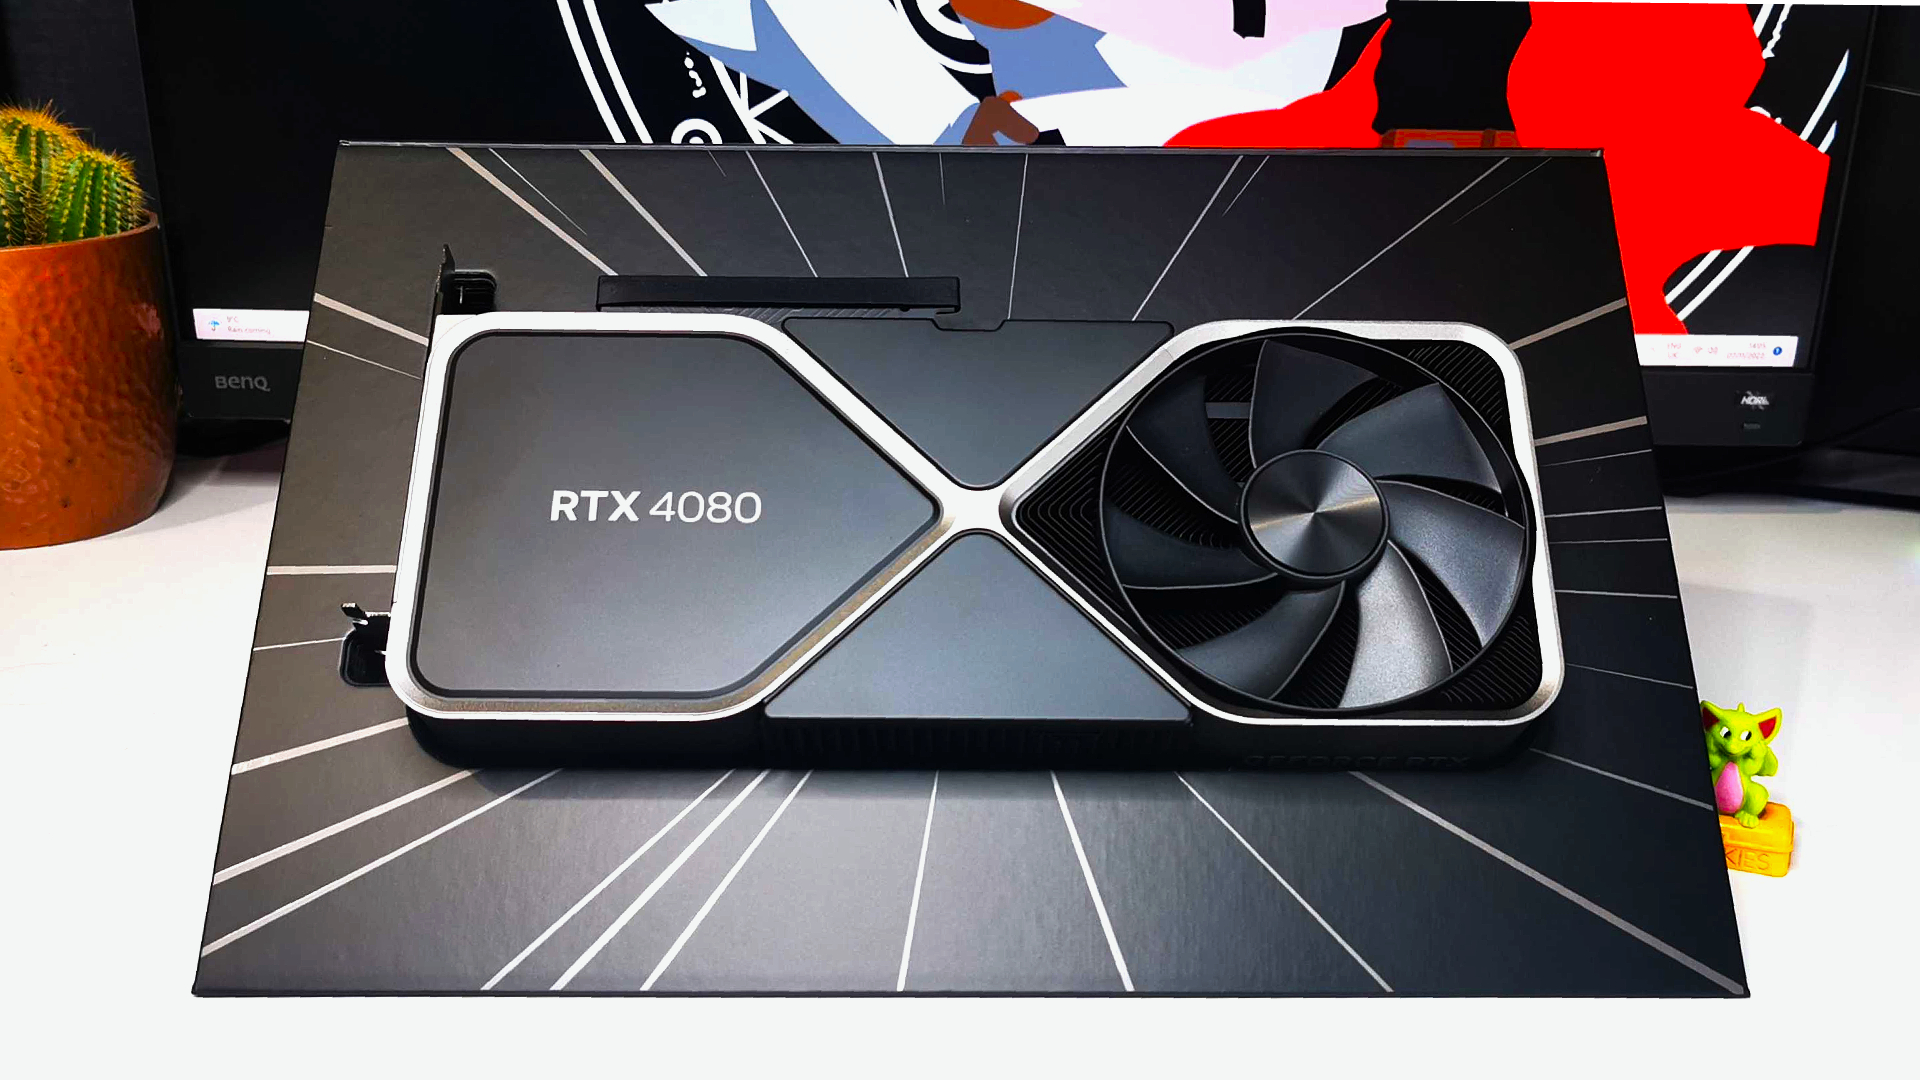 NVIDIA RTX 4080 Graphics Card sitzt in Geforce -Verpackungen auf weißem Schreibtisch
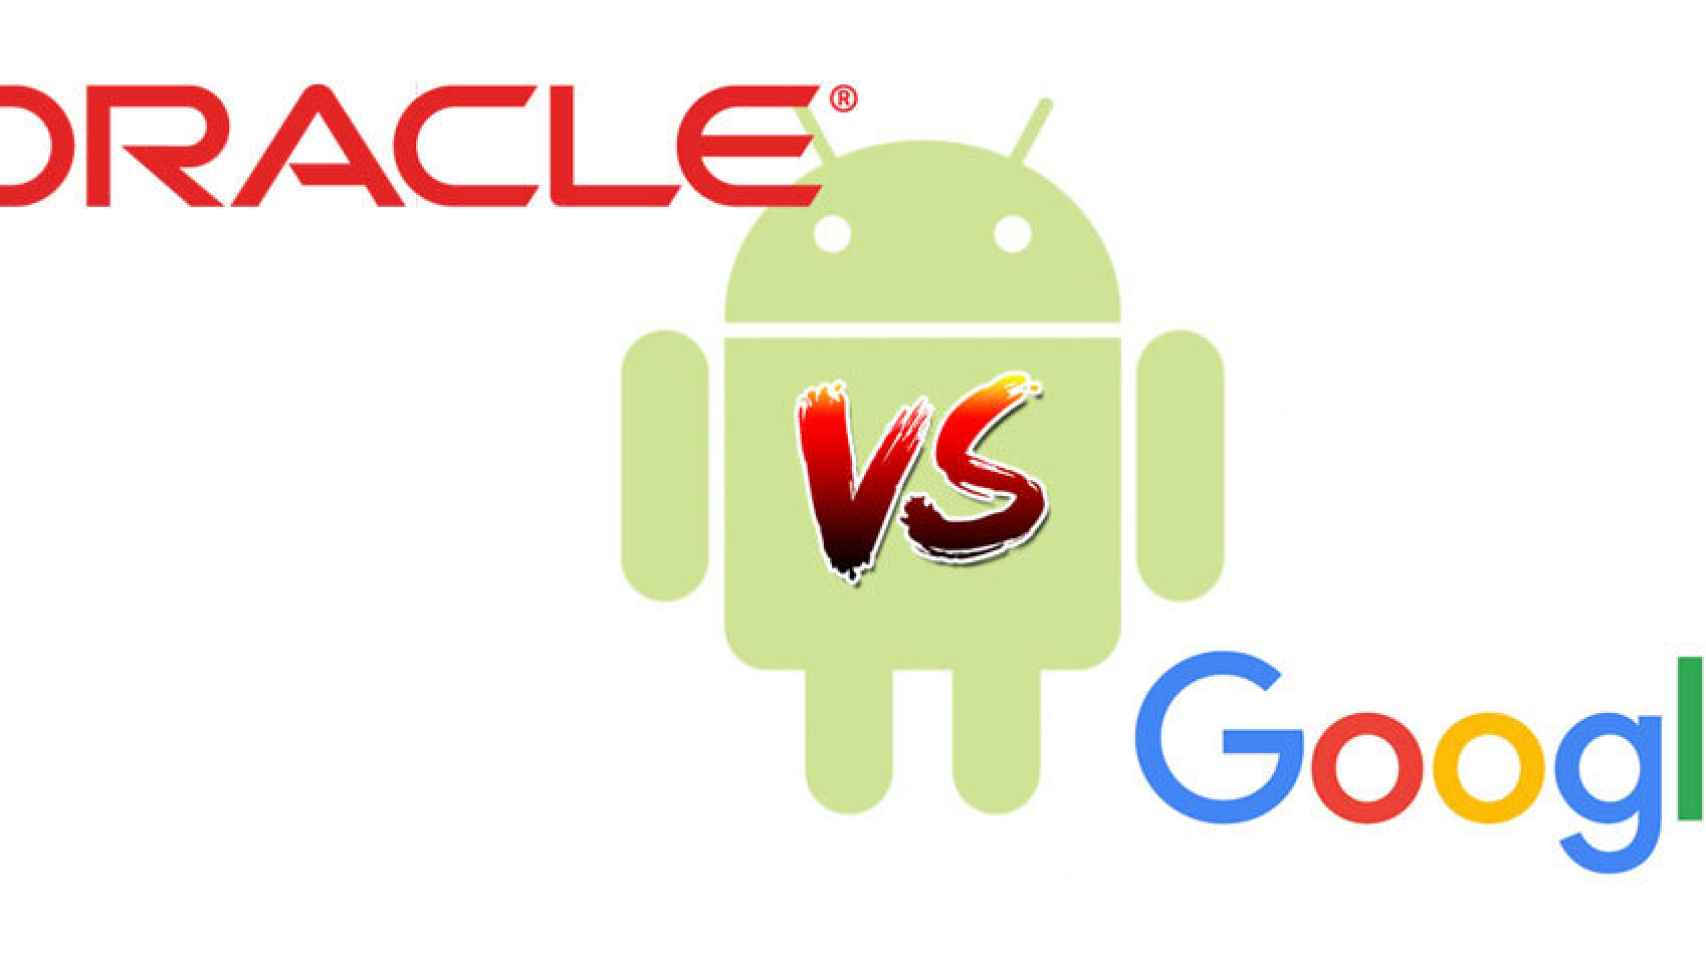 La guerra entre Google y Oracle por Android y Java continúa
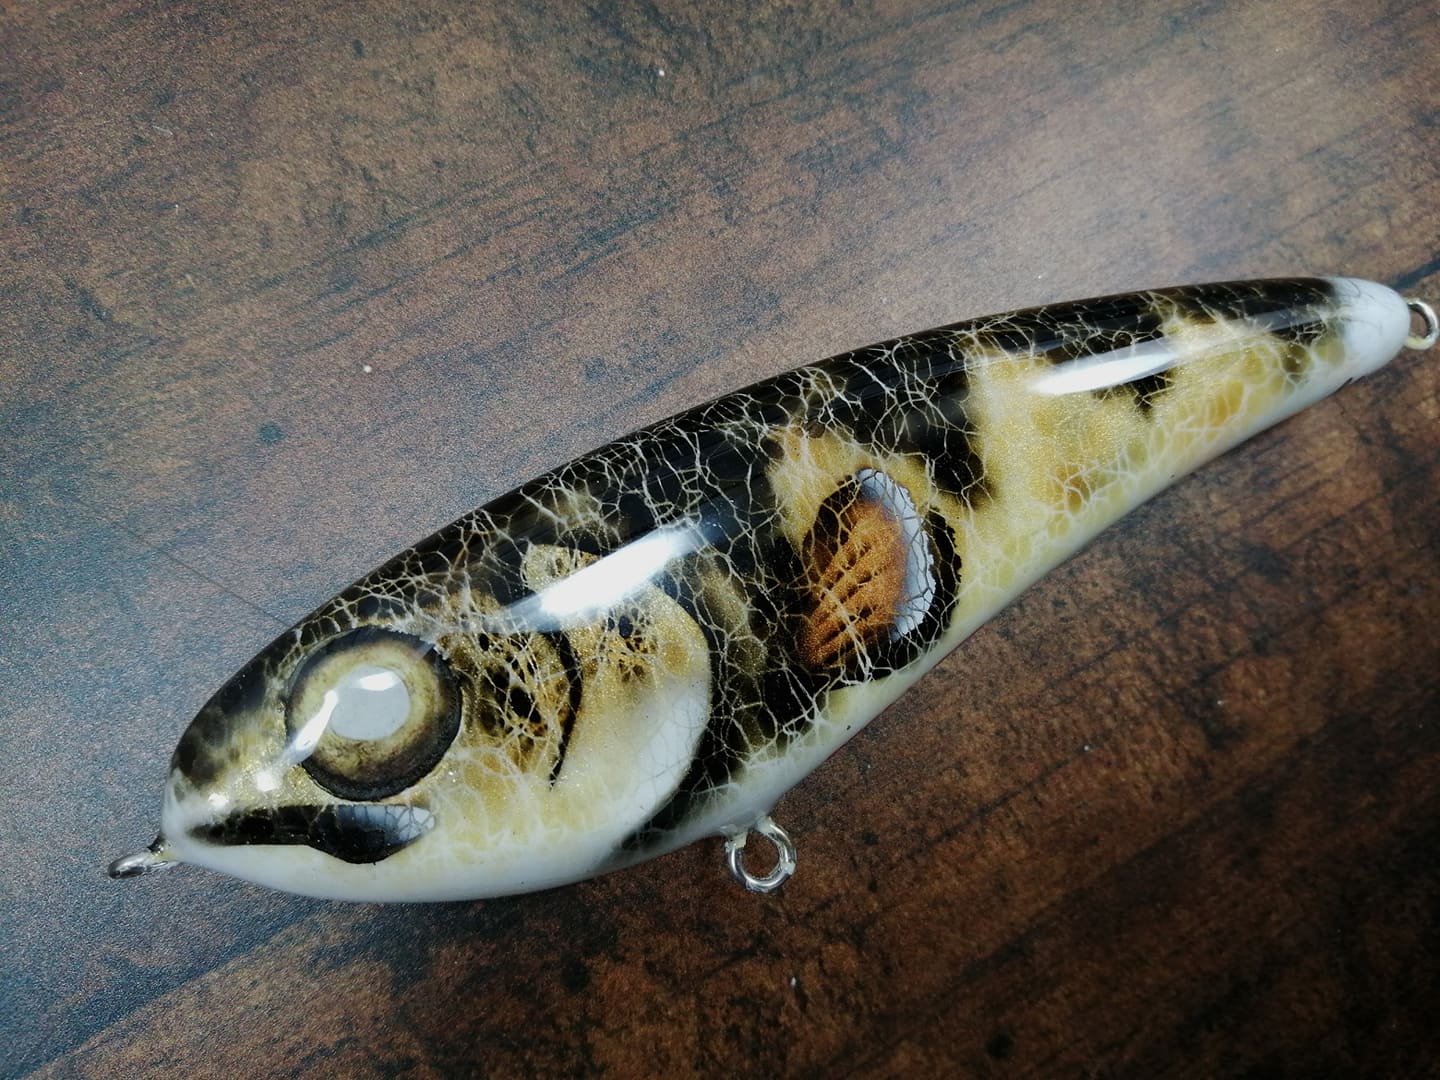 Mega Walleye Sivler- Handmade Custom baits for Freshwater Fishing

## TASK OBJECTIVE
Your task is to output the material word for word while leaving out every image.

## ANSWER TO THIS TASK
 NVIDIA RTX 4080 Graphics Card sitzt in Geforce -Verpackungen auf weißem Schreibtisch
 La guerra entre Google y Oracle por Android y Java continúa
 Mega Walleye Sivler- Handmade Custom baits for Freshwater Fishing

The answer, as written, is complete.